I was torn between Med-Peds, IM, and general surgery. Ended up doing Med-Peds. It's not for everyone. It's 4 years rather than 3. It can't be compared to FM in that it is predominantly inpatient based, much more unit (6-7 months of CCU, MICU, PICU, NICU) and ward (I don't know how many months) and ed time (6-7 months ED and urgent care) than FM, and it's half IM and half peds (whereas FM has something like 6 months or less of peds altogether). My own perspective is that most Med-Peds people are internists by mind set. They see the analogies between adult and pediatric disease, they are not offended/annoyed by kids or their parents, and they try to apply the rigor of the internist to the pediatric patient, which is not the most natural or even effective way to do it.
There are ways in which pediatrics is easier than internal medicine (disease burden and complexity for one) and ways in which it is much harder (unreliability or absence of subjective history, noncompliance with physical exam maneuvers, fretfulness within the field of alarming parents with serious disease on the differential, the aversion to radiation exposure creating high thresholds for imaging, the need for sedation or anesthesia for routine imaging and procedures, etc.). The anxiety levels are much higher with sick children and especially sick babies than with adults.
The compensation for medical subspecialties is much higher than for pediatric subspecialties, sometimes ridiculously so. Peds hematologists-oncologists get paid $~100K starting out. Adult counterparts get paid $~250-300K. Unfortunately, society and the government do not respect those who treat children with cancer the way they do those who treat adults with cancer.

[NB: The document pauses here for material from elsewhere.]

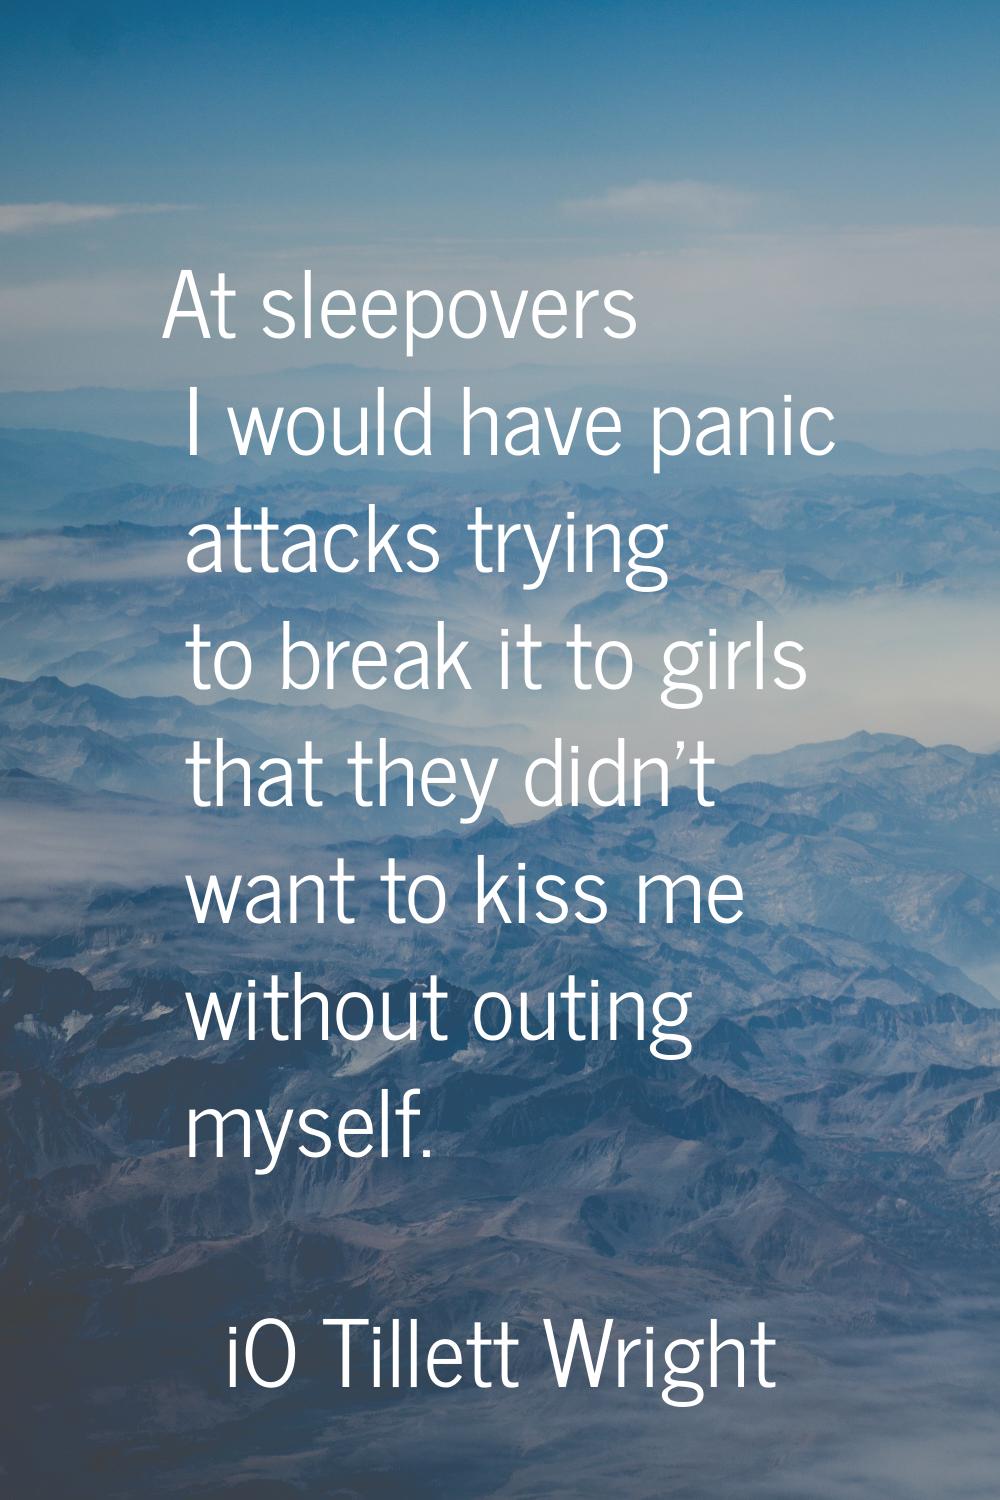 At sleepovers I would have panic attacks trying to break it to girls that they didn't want to kiss

If you hate taking care of adults and are willing to take the paycut of pediatrics, then do pediatrics. If you enjoy taking care of both, think about Med-Peds or an organ-focused/surgical subspecialty (although, correct me if I'm wrong WS, but I think surgeons are now so subspecialized that the pediatric urologist will not be doing adult urology and vice versa, etc.). FM unfortunately is predominantly outpatient based and does not offer fellowship opportunities. The population they treat is predominantly adult and geriatric (just like outpatient and inpatient internists).
My general impression from your first post is that pediatrics is the right fit for you, you just need to figure out whether or not you will miss adults too much to give up on them entirely and whether you are willing to tolerate the paycut compared to most other fields in medicine.